Visioni. “La svolta”, un debutto che non entusiasma

Un esordio cinematografico che non entusiasma. Un cortometraggio “allungato” quasi a cento minuti. La svolta, opera prima di Riccardo Antonaroli, scritta da Roberto Cimpanelli e Gabriele Scarfone, presentata fuori concorso al Festival di Torino e disponibile in streaming su Netflix dal 20 aprile, è un film popolato da buone idee che si trasformano in stereotipi. Prodotto da Rodeo Drive e Life Cinema con Rai Cinema, il debutto del cineasta romano è un racconto di due solitudini che si incontrano. Jack (il sanguigno Andrea Lattanzi) è un ladro in fuga, che ha appena fatto una rapina e prende in ostaggio, pistola alla mano, Ludovico (interpretato dal monocorde Brando Pacitto), un malinconico cinefilo, studente fuoricorso, che sogna di diventare fumettista e vive da solo in un appartamento, all’interno di uno stabile nel quartiere romano della Garbatella. Jack si piazza in casa sua. Non può uscire perché Caino (l’immobile Tullio Sorrentino), il boss a cui ha rubato i soldi, lo cerca. La convivenza forzata dei due protagonisti, si trasforma in un sorprendente rapporto d’amicizia.

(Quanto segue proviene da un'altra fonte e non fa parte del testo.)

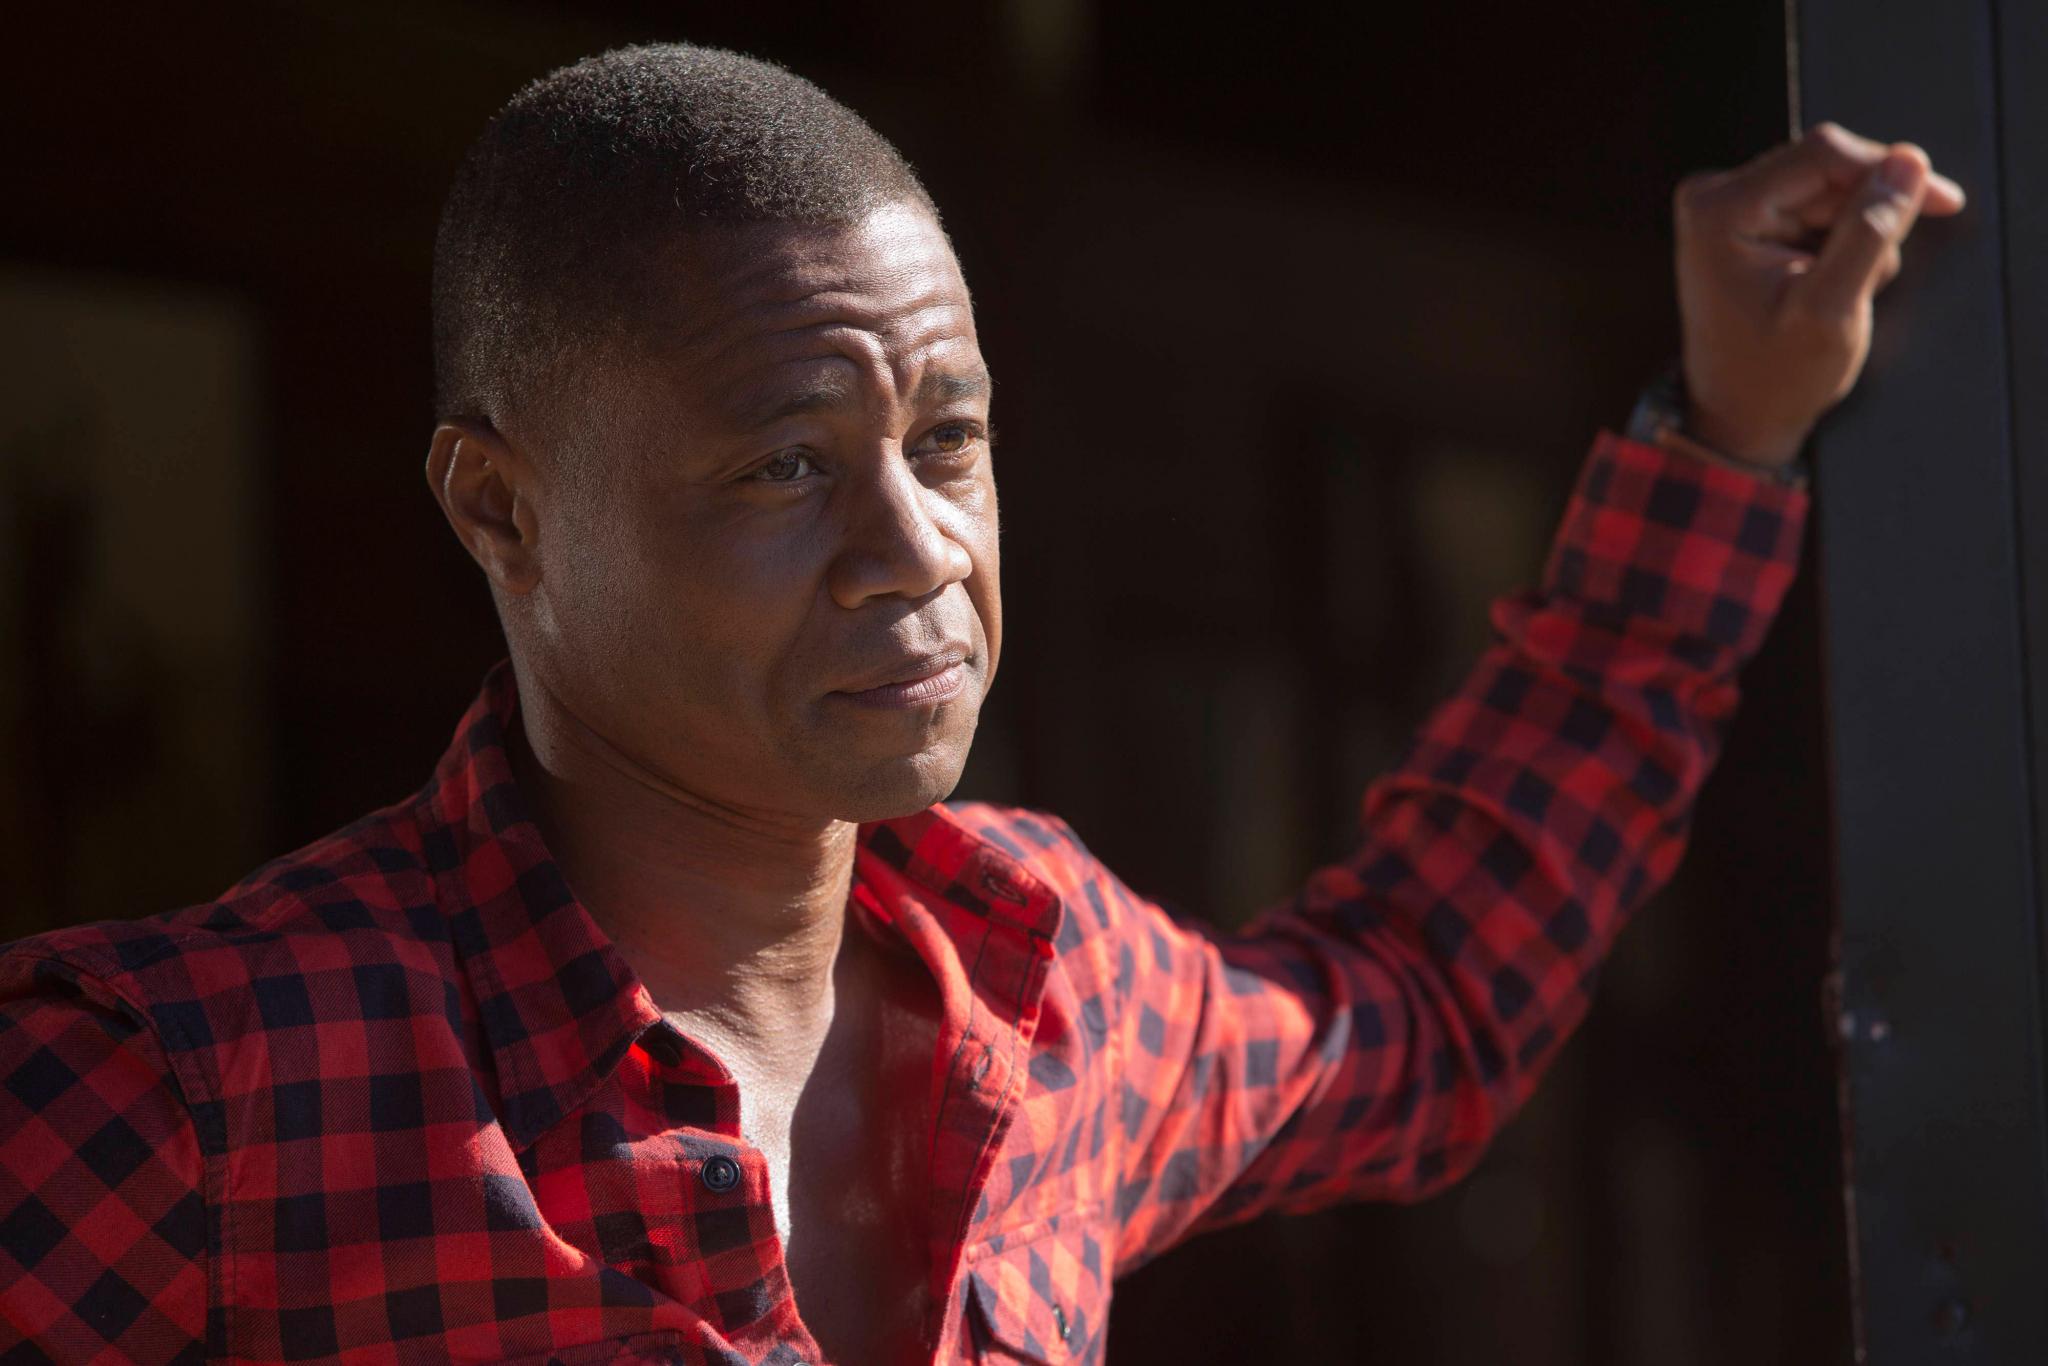 Cuba Gooding, Jr., Turns Himself In After Three Women Accuse Him Of Sexual Misconduct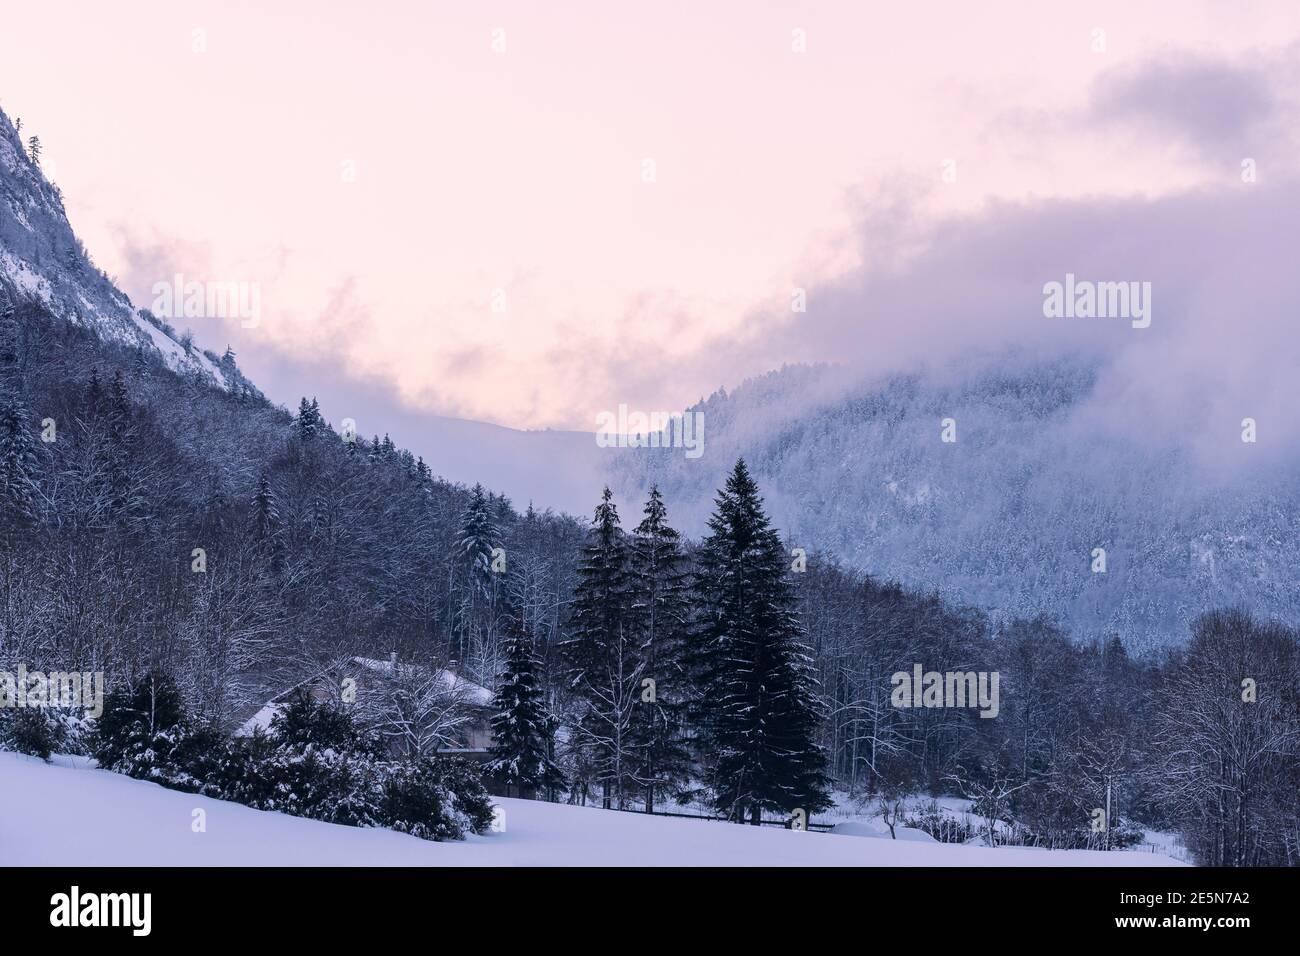 French winter landscapes. Panoramic view of mountain peaks and canyons. Vercors Regional Natural Park. Stock Photo

Il film si apre e si chiude sulle note rap di Carl Brave (al secolo, il romano Carlo Luigi Coraggio) che canta il sottobosco criminale della Garbatella. La svolta è un lungometraggio che combina citazioni (Nietzsche e Tolstoj), generi diversi, dal criminale alla commedia all’italiana, fino al romanzo di formazione, ma non riesce ad amalgamarli in maniera felice. Due riferimenti rappresentano degli autentici omaggi: innanzitutto, Il sorpasso. Dal film capolavoro di Dino Risi si riprende la dinamica dell’incontro fra un timido studente (Jean-Louis Trintignant) e lo spaccone donnaiolo (Vittorio Gassman), che nell’estate romana si muove per noia e inquietudine. Il secondo chiaro richiamo ricorda il primissimo Quentin Tarantino delle Iene (Reservoir Dogs).

Così, il risultato è un film diseguale. La svolta cambia tono ogni volta che la macchina da presa si ferma in un ambiente. I dialoghi suonano fin troppo “scritti” e gli attori sfidano, continuamente, la sospensione dell’incredulità. Anche i ruoli femminili (Ludovica Martino e Chabeli Sastre Gonzalez), appaiono colpevolmente convenzionali. Persino Marcello Fonte, interprete dalla recitazione istintiva, nei panni di un sicario, non convince.